Exercise description
Give back exactly the stretch of data below from the line holding "צפחה gris מכנסי" through the line holding "Alina Кашемировый Джемпер", both ends included, and leave the remaining lines out.

Records for this exercise
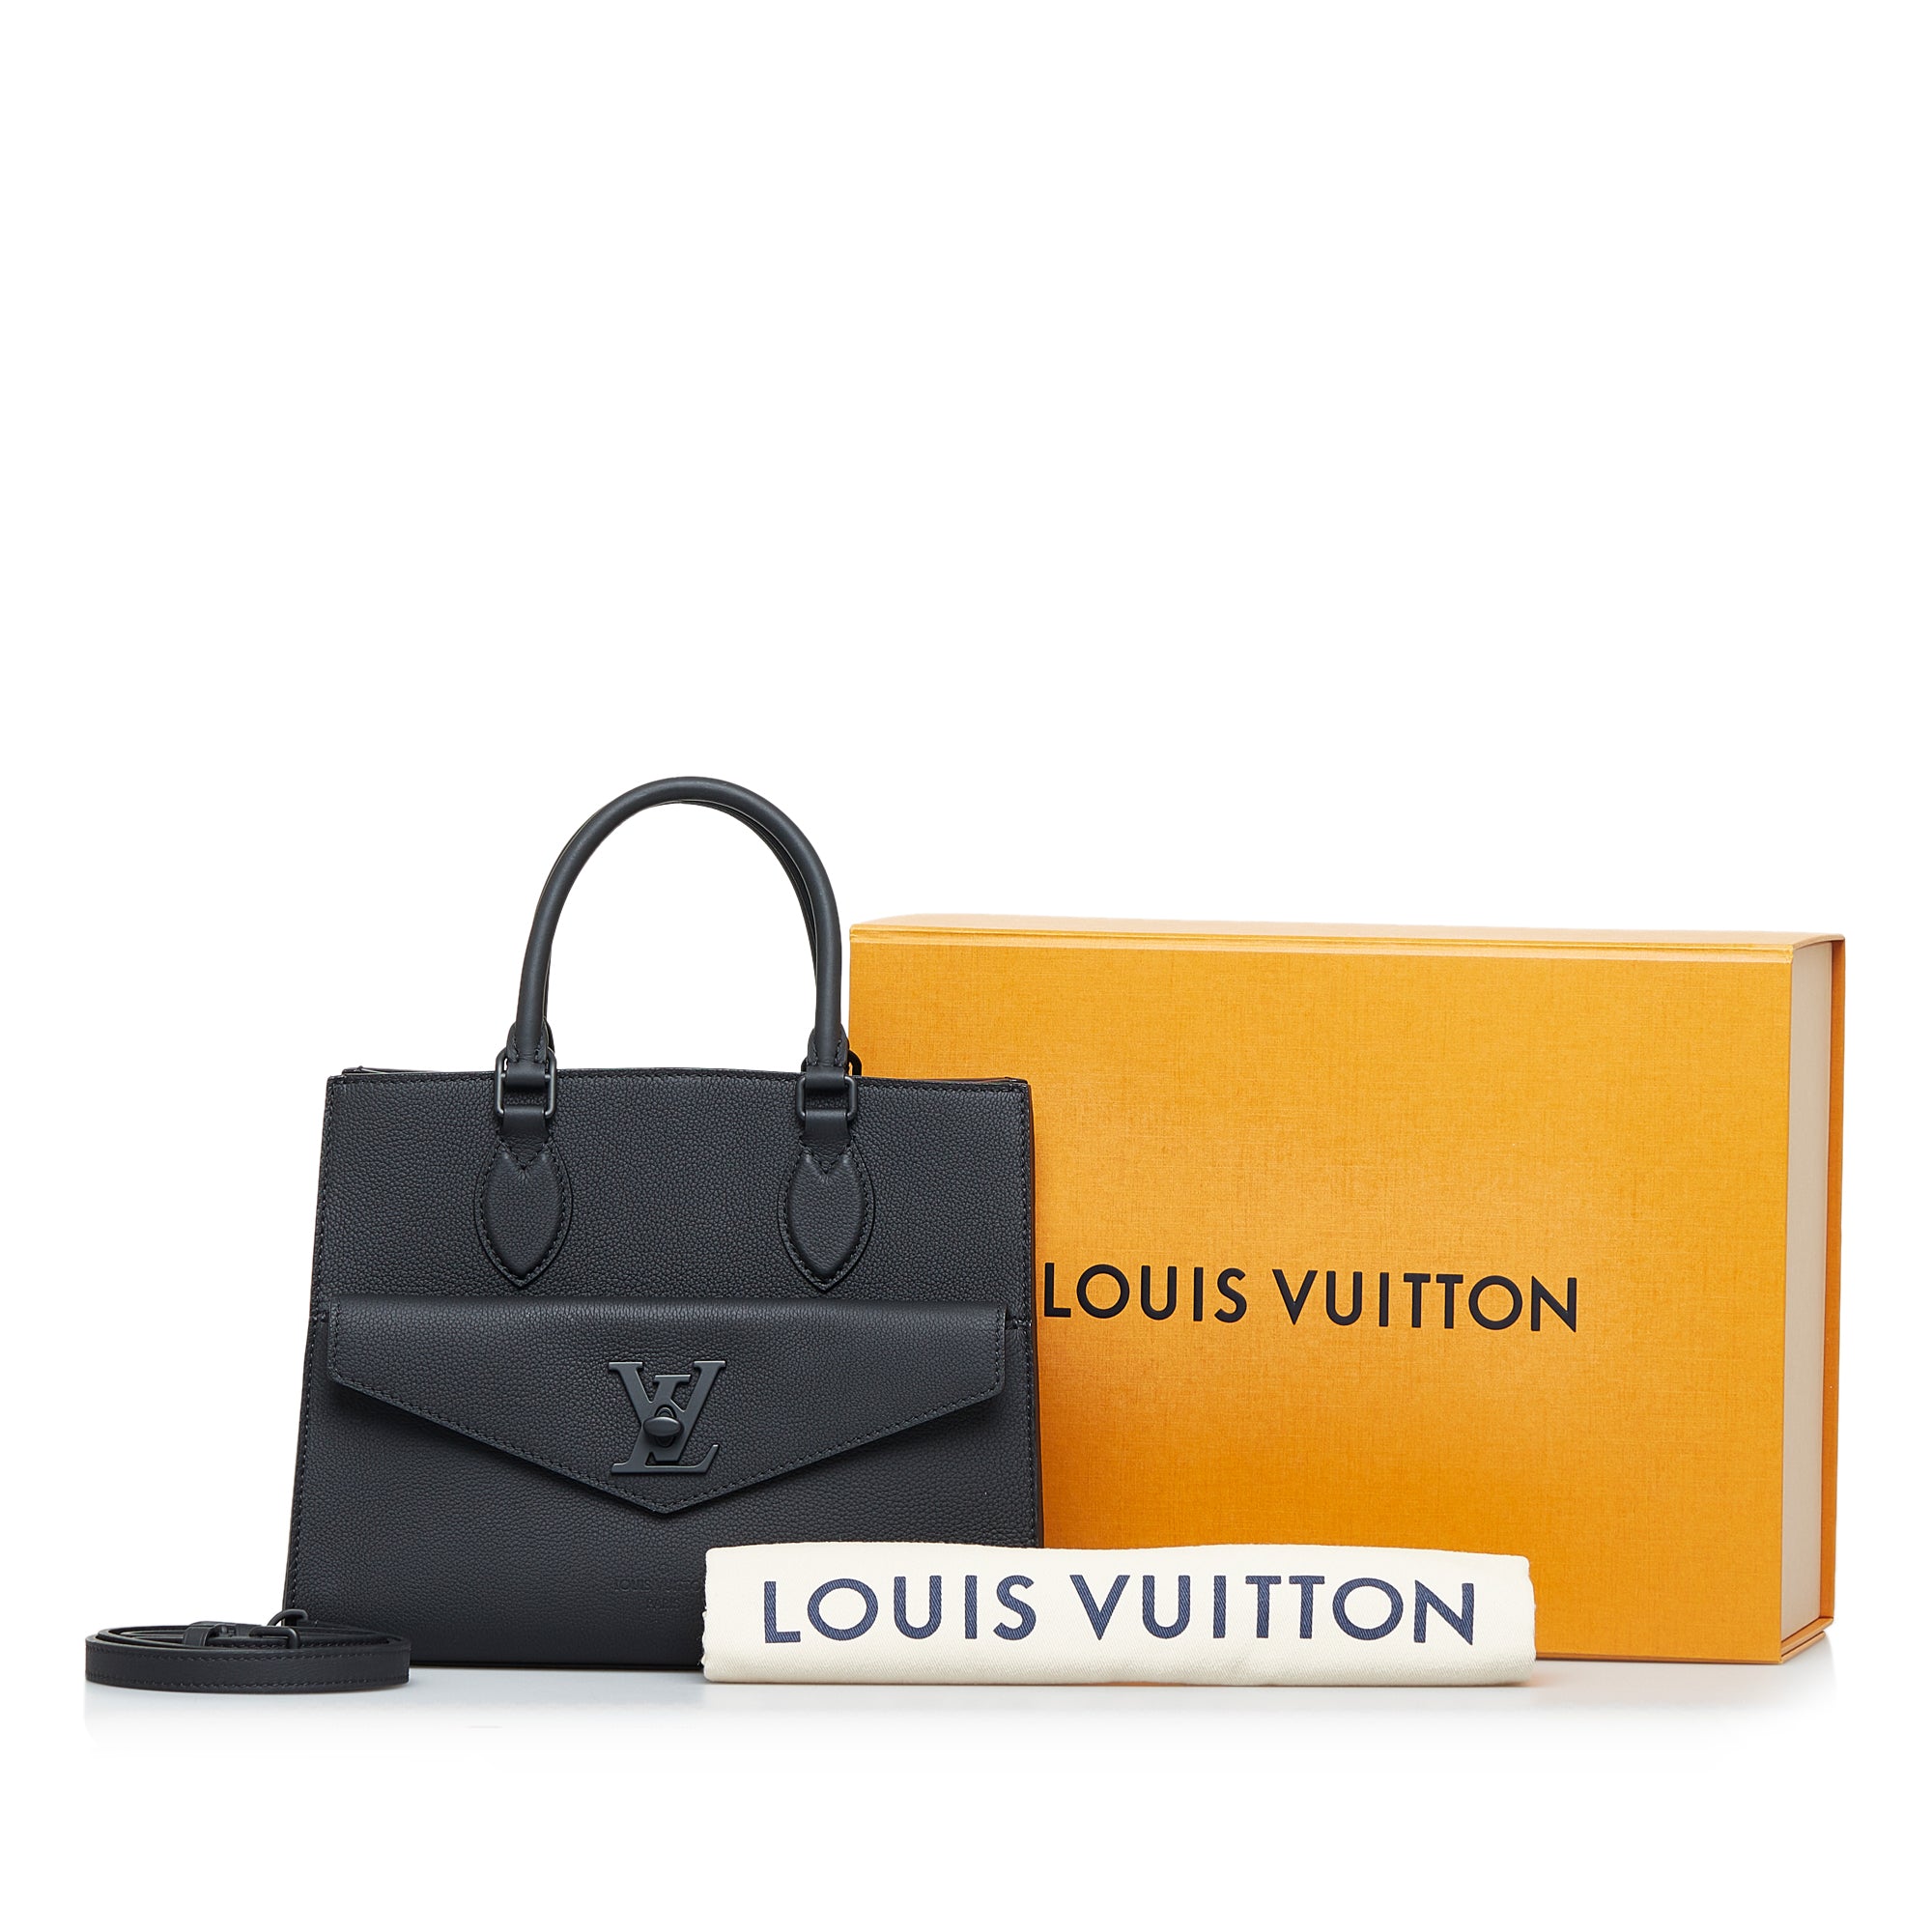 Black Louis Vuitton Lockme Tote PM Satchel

* * *

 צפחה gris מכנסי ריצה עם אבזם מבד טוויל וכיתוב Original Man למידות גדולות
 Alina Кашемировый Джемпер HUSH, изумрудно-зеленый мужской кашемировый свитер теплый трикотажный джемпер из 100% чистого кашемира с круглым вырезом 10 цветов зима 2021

Written reply
 צפחה gris מכנסי ריצה עם אבזם מבד טוויל וכיתוב Original Man למידות גדולות
 Alina Кашемировый Джемпер HUSH, изумрудно-зеленый мужской кашемировый свитер теплый трикотажный джемпер из 100% чистого кашемира с круглым вырезом 10 цветов зима 2021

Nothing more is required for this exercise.